======== DATA ========

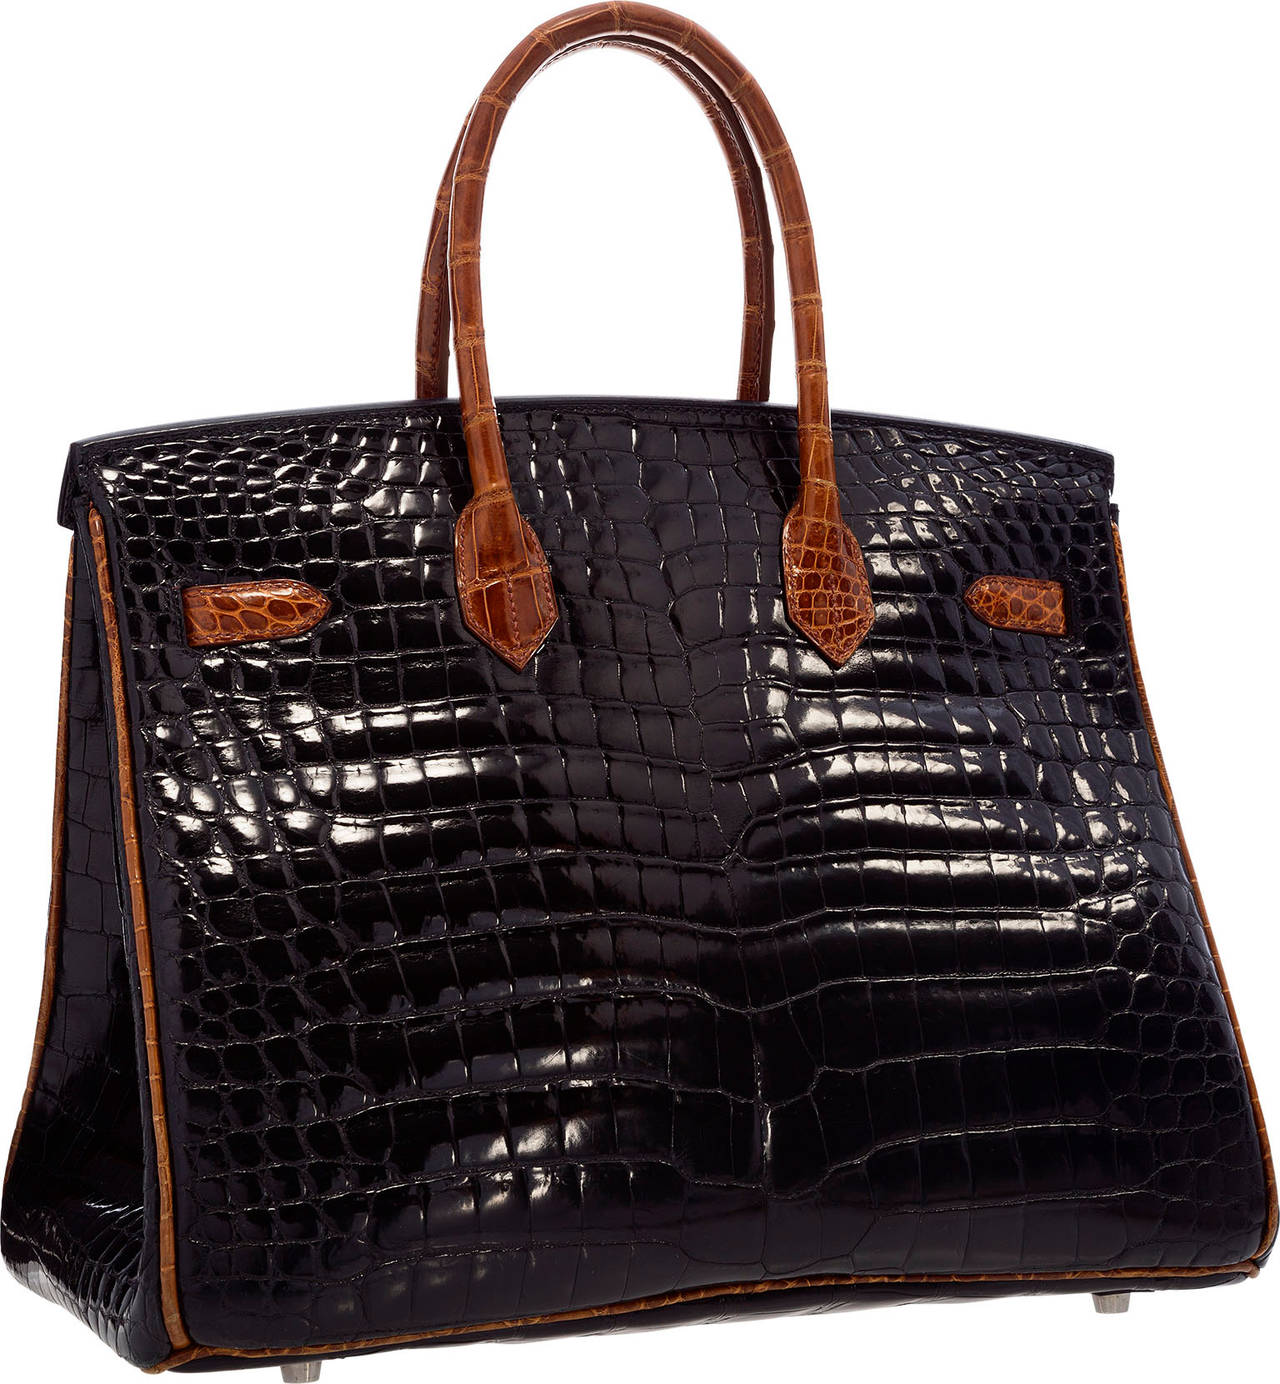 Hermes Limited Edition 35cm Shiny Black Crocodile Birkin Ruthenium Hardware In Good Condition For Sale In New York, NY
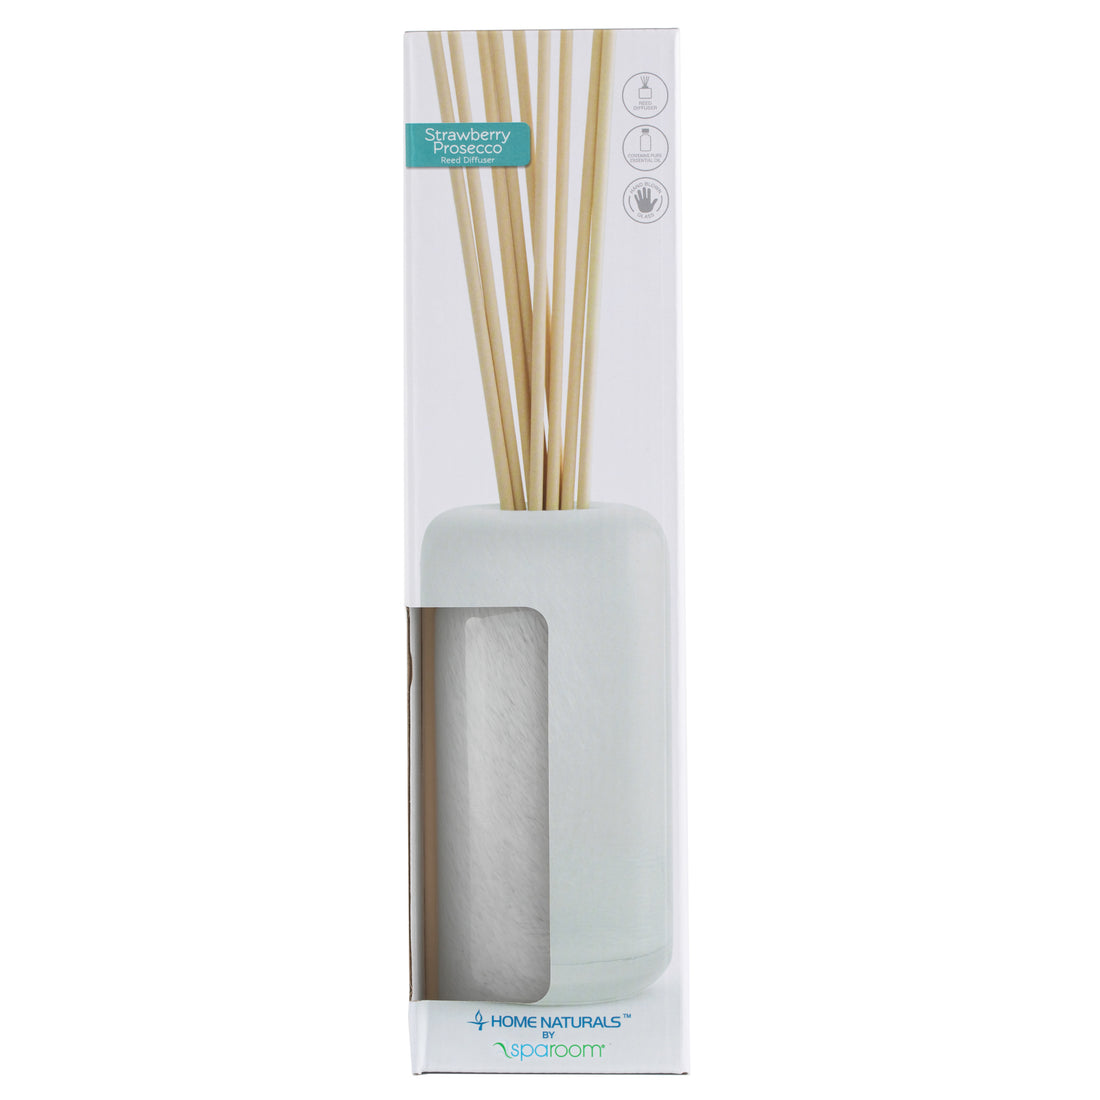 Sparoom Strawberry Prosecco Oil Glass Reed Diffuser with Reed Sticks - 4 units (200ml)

========
======== DATA ========

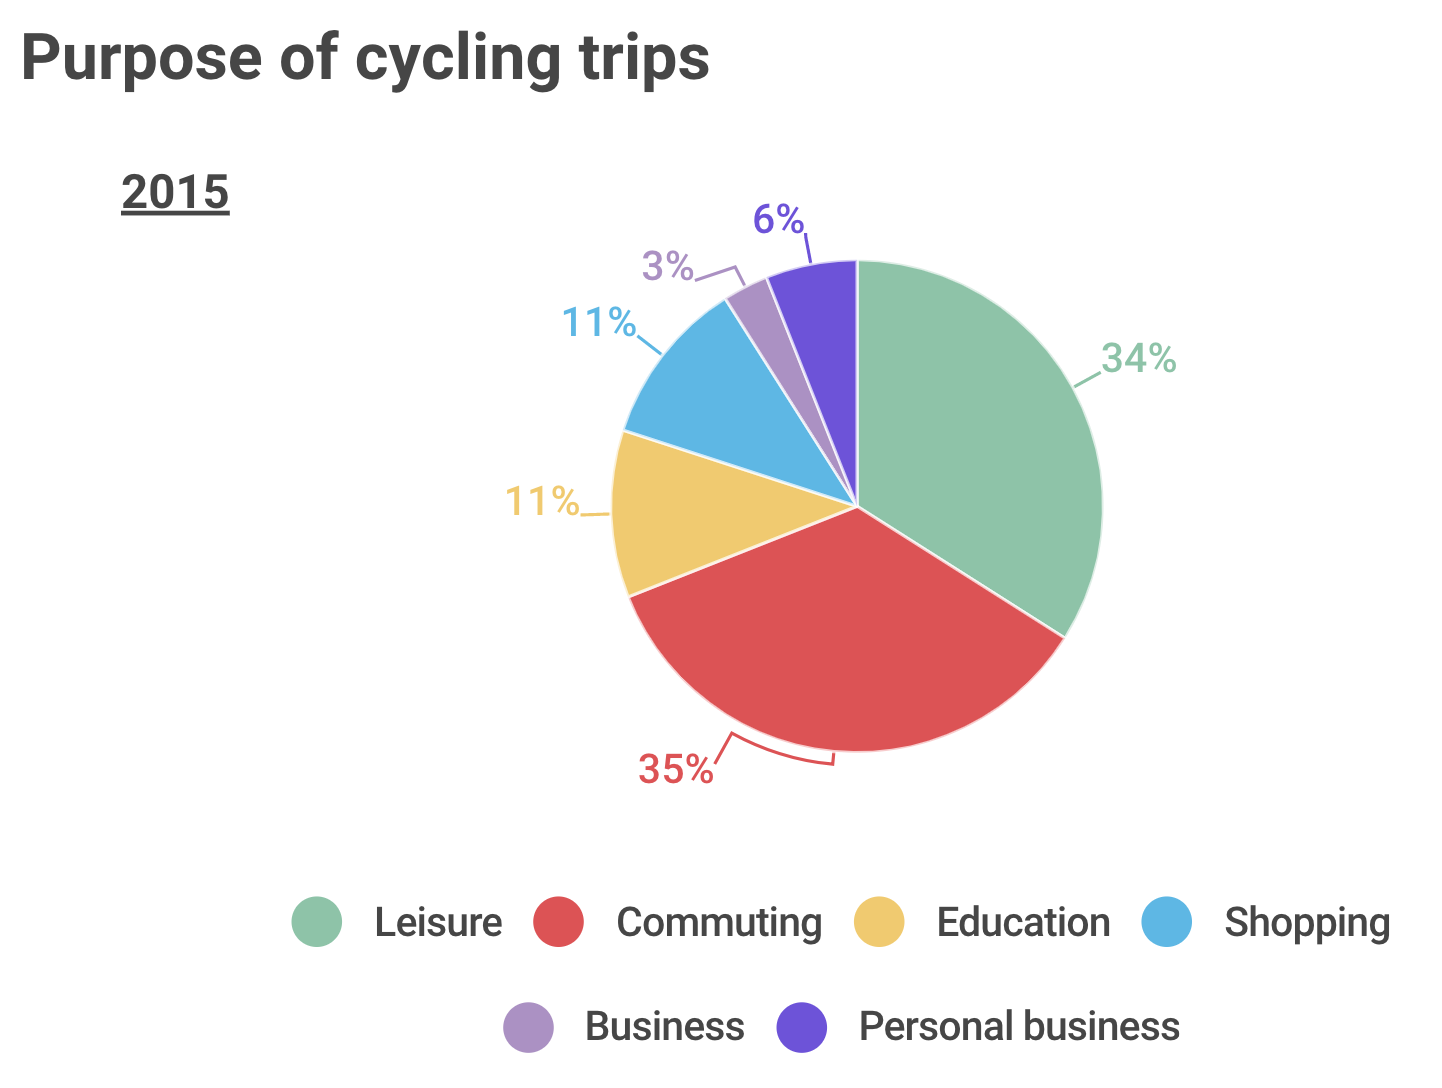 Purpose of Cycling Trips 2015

========
======== DATA ========

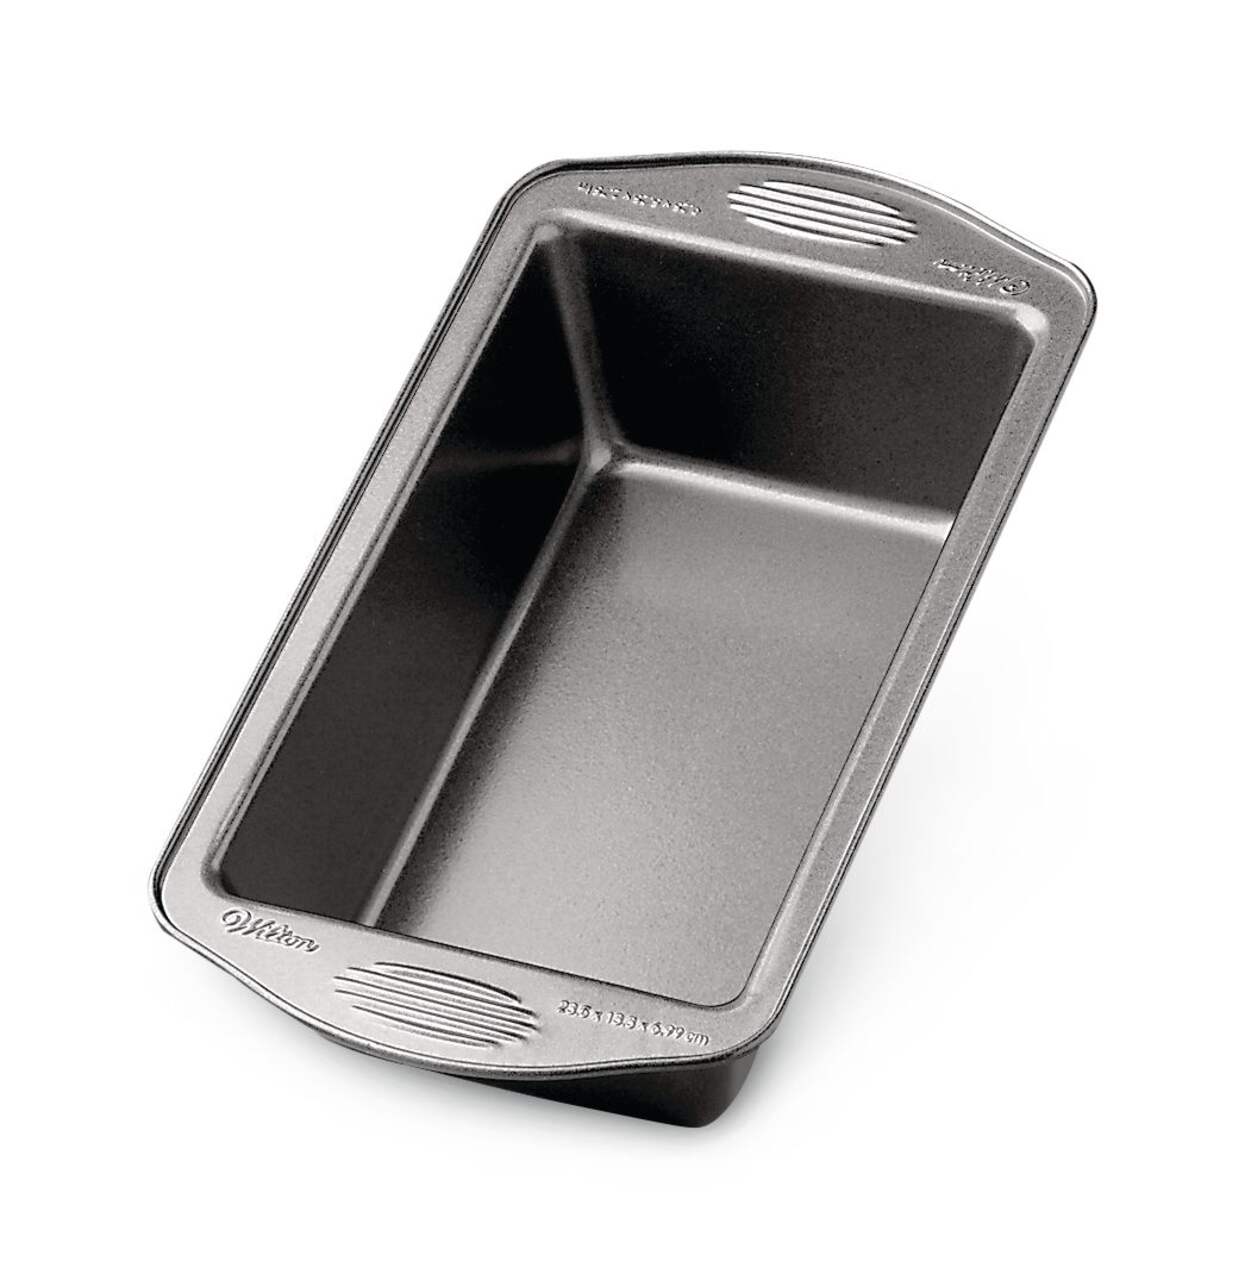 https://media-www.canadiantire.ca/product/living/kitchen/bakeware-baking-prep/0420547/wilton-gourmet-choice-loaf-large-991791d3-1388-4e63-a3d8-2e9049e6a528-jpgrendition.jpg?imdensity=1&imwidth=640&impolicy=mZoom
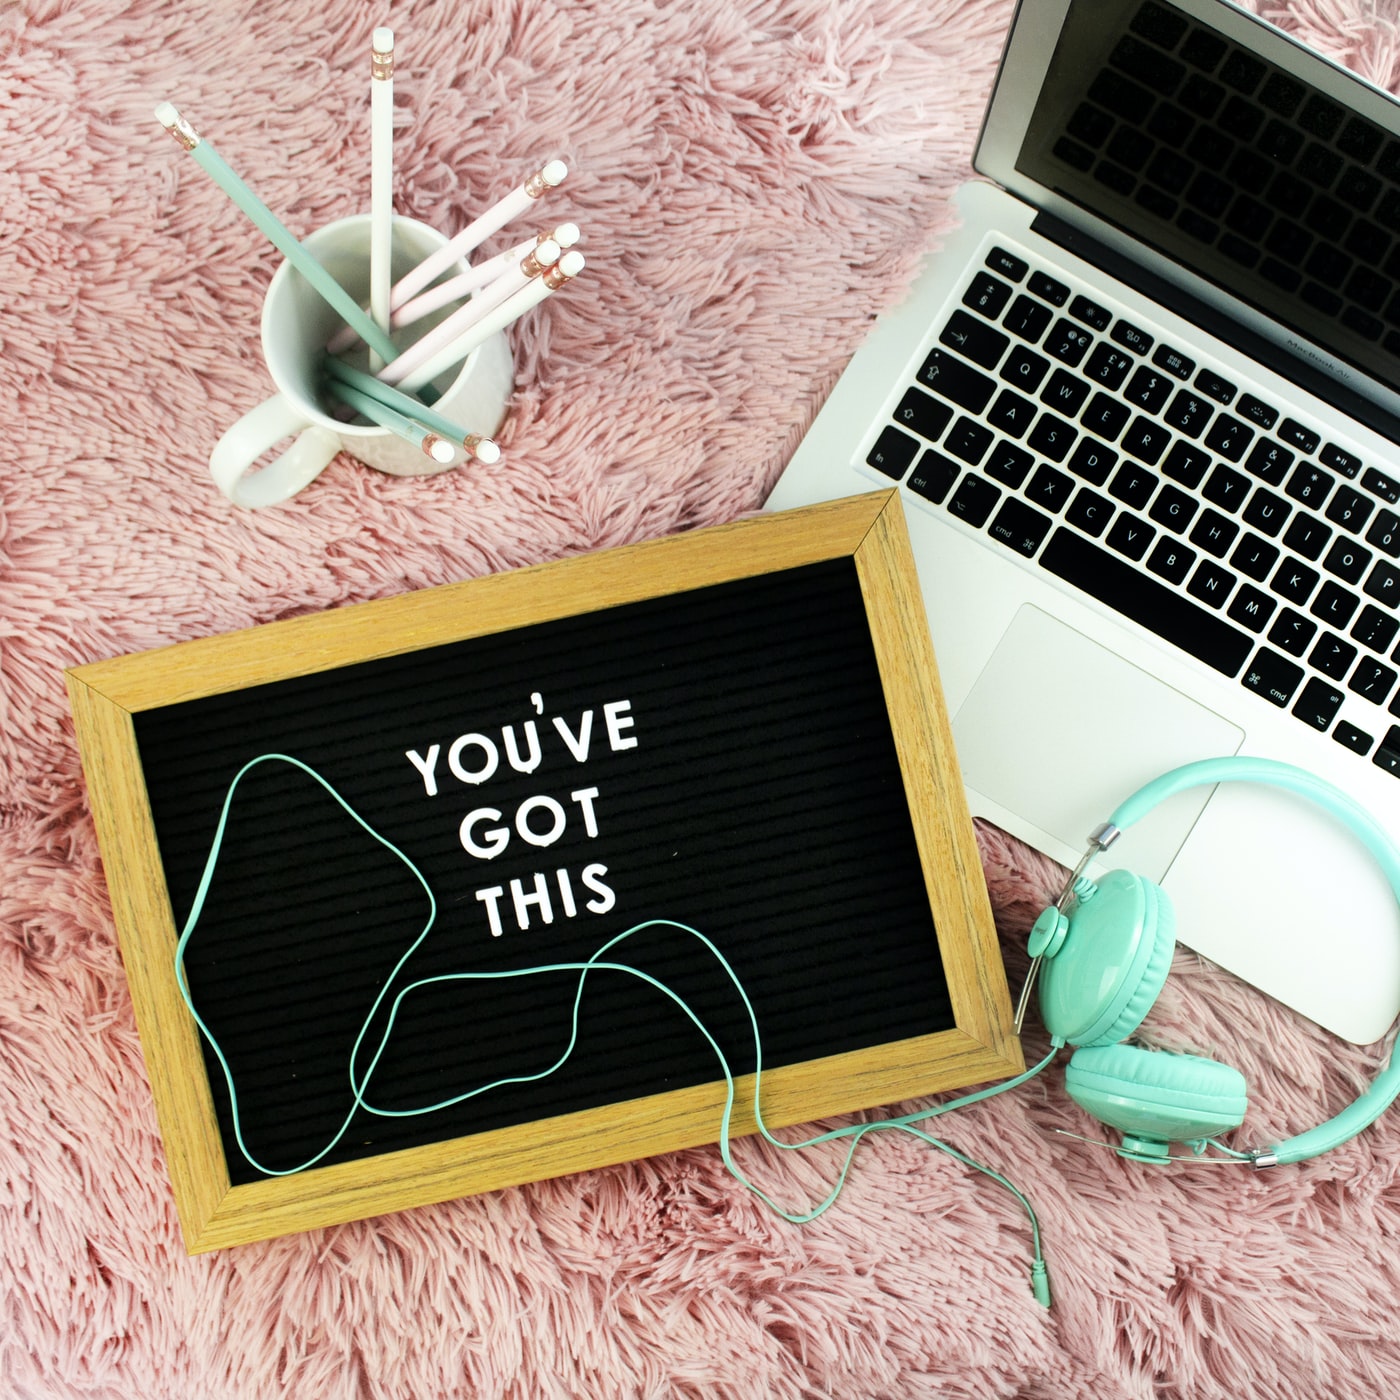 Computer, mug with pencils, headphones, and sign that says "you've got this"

========

◆ **EXERCISE BRIEF**
Could you output exactly the lines above, from the line with "Hermes Limited Edition" up to and including the line with "Sparoom Strawberry Prosecco", and nothing else, skipping the pictures?

◆ **RESPONSE BOX**
 Hermes Limited Edition 35cm Shiny Black Crocodile Birkin Ruthenium Hardware In Good Condition For Sale In New York, NY
 Sparoom Strawberry Prosecco Oil Glass Reed Diffuser with Reed Sticks - 4 units (200ml)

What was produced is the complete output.